Problem to solve: Leave out every picture, and restate word for word only the lines from the one containing "Los agentes de" through the end of the material.

Provided material:
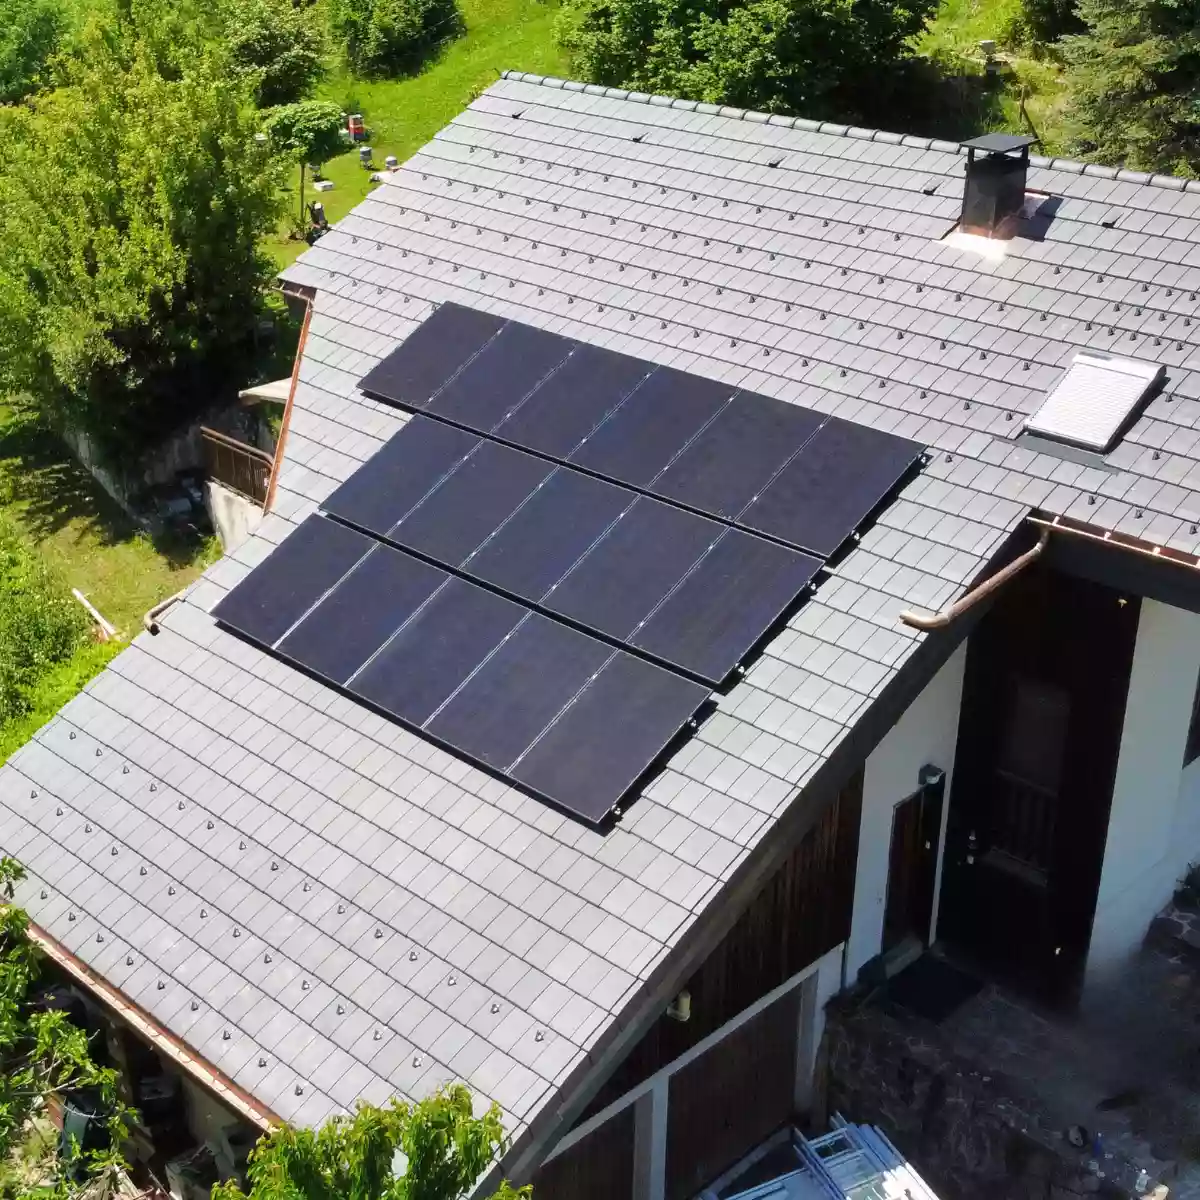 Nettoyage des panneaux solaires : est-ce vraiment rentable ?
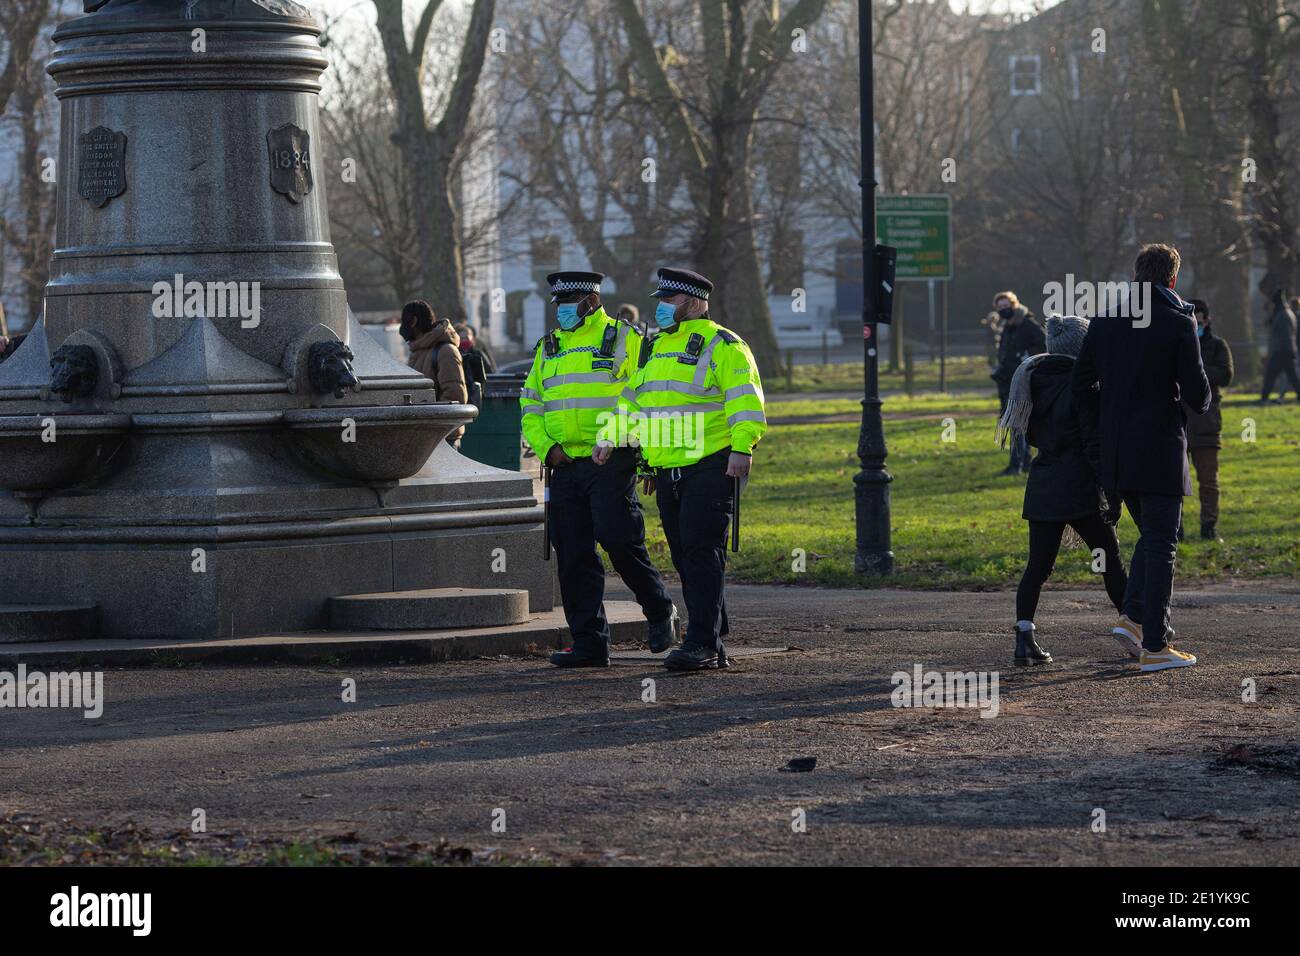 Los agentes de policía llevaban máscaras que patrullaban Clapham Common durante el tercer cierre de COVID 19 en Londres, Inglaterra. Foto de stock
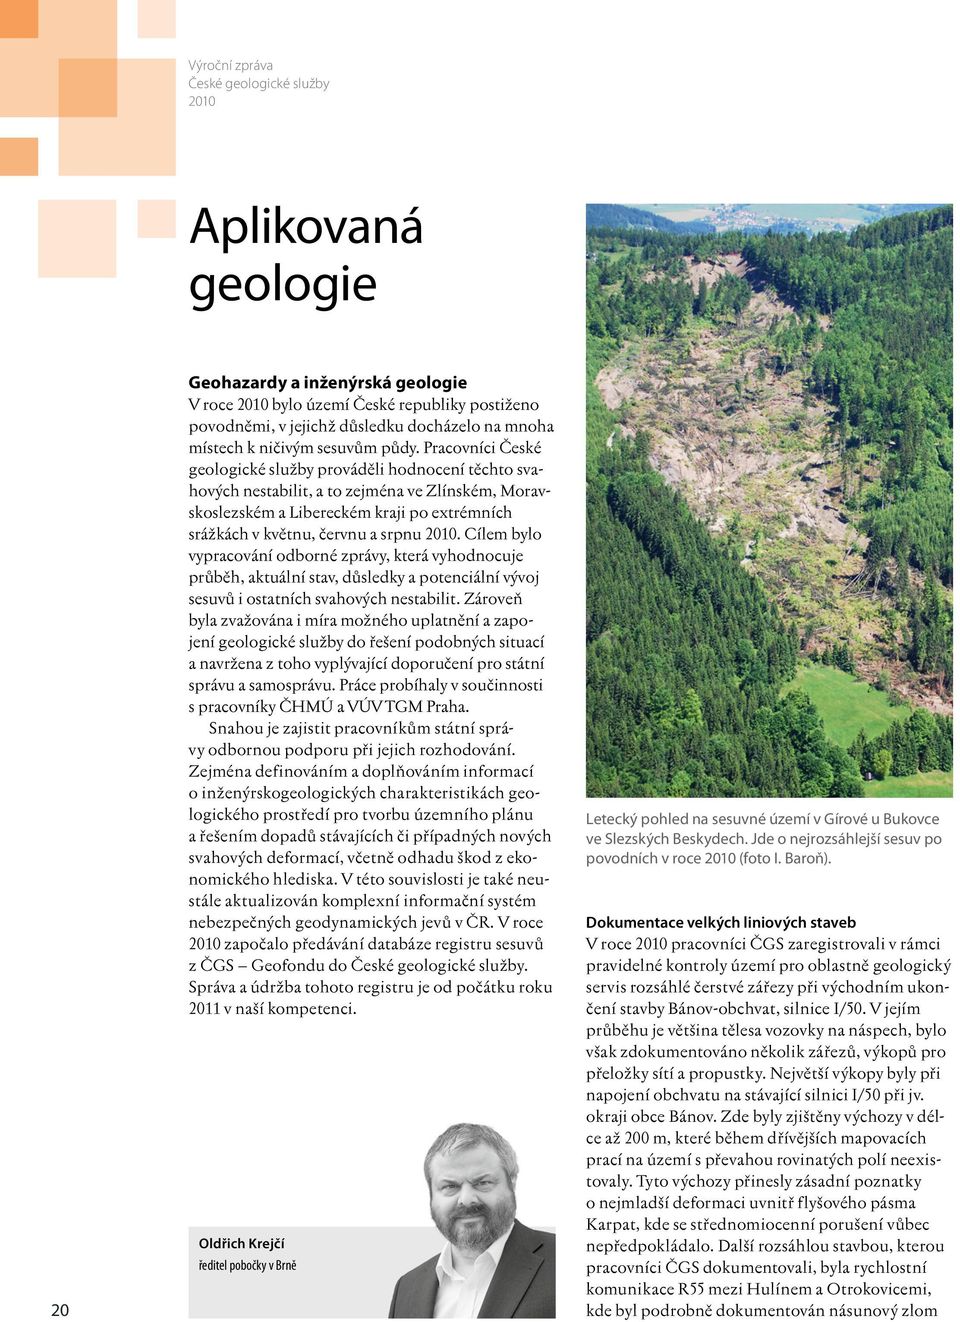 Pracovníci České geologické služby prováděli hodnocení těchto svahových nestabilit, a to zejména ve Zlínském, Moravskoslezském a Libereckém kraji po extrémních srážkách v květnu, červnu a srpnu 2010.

Answer to this task:
 Los agentes de policía llevaban máscaras que patrullaban Clapham Common durante el tercer cierre de COVID 19 en Londres, Inglaterra. Foto de stock
 Pracovníci České geologické služby prováděli hodnocení těchto svahových nestabilit, a to zejména ve Zlínském, Moravskoslezském a Libereckém kraji po extrémních srážkách v květnu, červnu a srpnu 2010.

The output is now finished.